Avoid machining malpractice

Author William Leventon
Published
October 18,2021 - 06:00am

Cutting components for the medical industry is a lot like surgery: Success is rewarding, but the operation can be difficult. Complications stem from challenging part designs and specifications, as well as stringent requirements from regulatory bodies, such as the Food and Drug Administration. So like surgeons, shops need special knowledge, tools, techniques and practices to bring medical operations to a satisfactory conclusion.

One of the main challenges facing shops that machine medical parts is how to deal with different materials. For example, spinal implants used to be made of common materials like titanium and stainless steel, said Mike MacArthur, vice president of engineering at RobbJack Corp., a maker of solid-carbide cutting tools in Lincoln, California. Now, however, the materials for these implants include polymers like polyether ether ketone and transparent options that allow doctors to see through them to check the progress of healing tissue.
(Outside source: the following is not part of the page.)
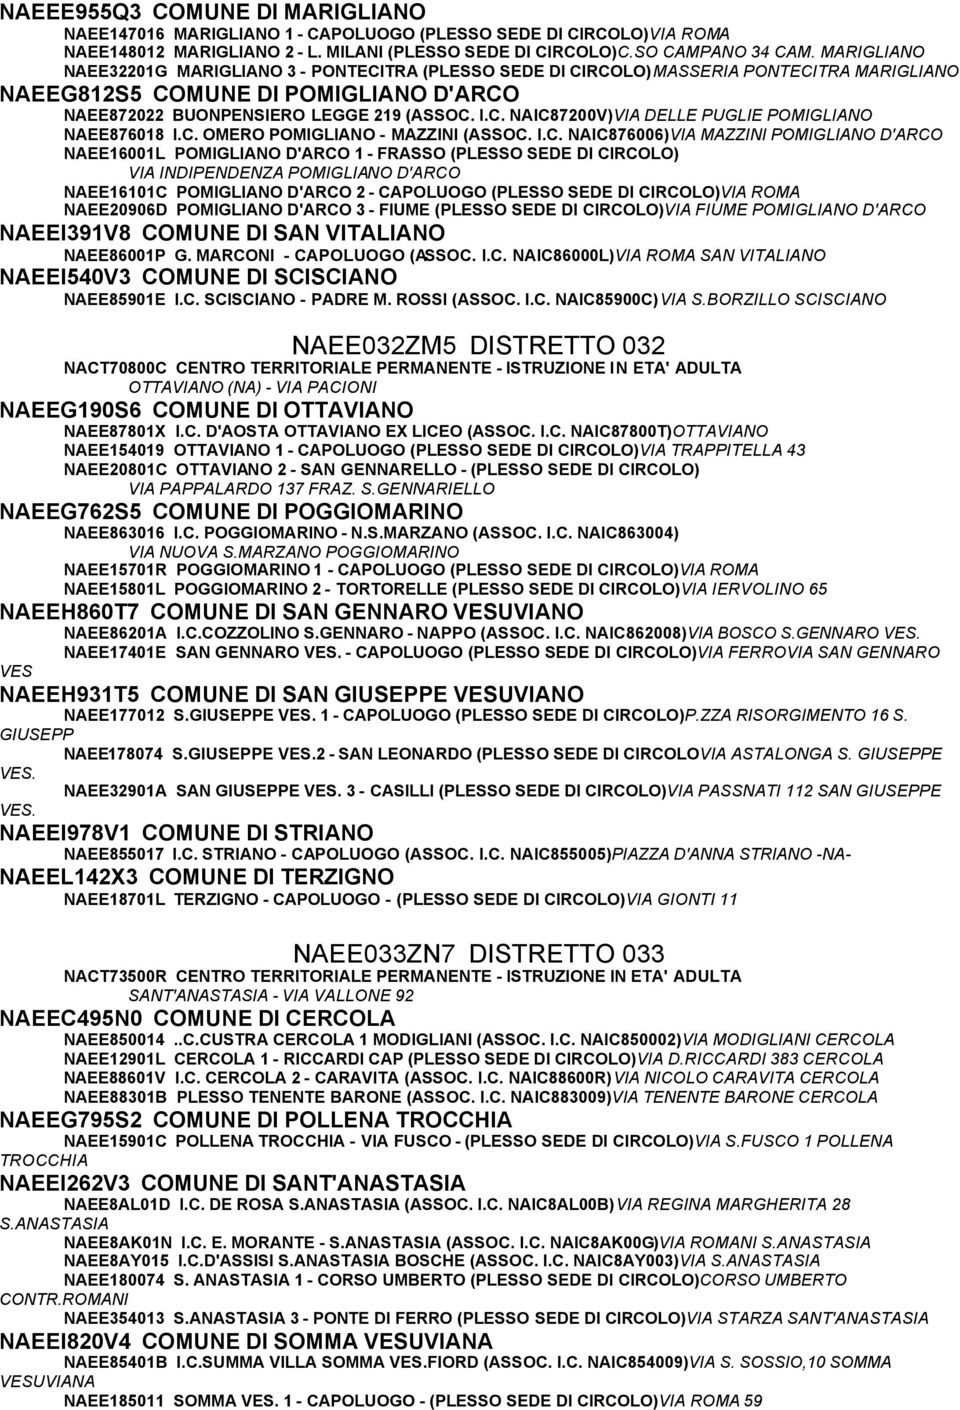 C. OMERO POMIGLIANO - MAZZINI (ASSOC. I.C. NAIC876006)VIA MAZZINI POMIGLIANO D'ARCO NAEE16001L POMIGLIANO D'ARCO 1 - FRASSO (PLESSO SEDE DI CIRCOLO) VIA INDIPENDENZA POMIGLIANO D'ARCO NAEE16101C

“So we develop specialized geometries to cut these unique materials,” he said.

RobbJack also makes tools to machine intraocular lenses implanted in eyes. These lenses used to be made of hard, rigid plastics. But today, MacArthur said the materials of choice are soft, pliable polymers that enable the lenses to be folded, which makes them easier to place in the eyes of patients.


Custom-made, small-diameter, solid-carbide step and twist drills from Star Cutter are used to machine medical components.  Image couresay of Star Cutter

“That’s beneficial for the patient,” he said. “But it’s very difficult to cut this soft, rubbery type of
material.”

To meet the requirements of this application, RobbJack makes tools in the 0.254 mm (0.01") dia. range “with ultrapolished finishes and ultrasharp cutting edges,” MacArthur said.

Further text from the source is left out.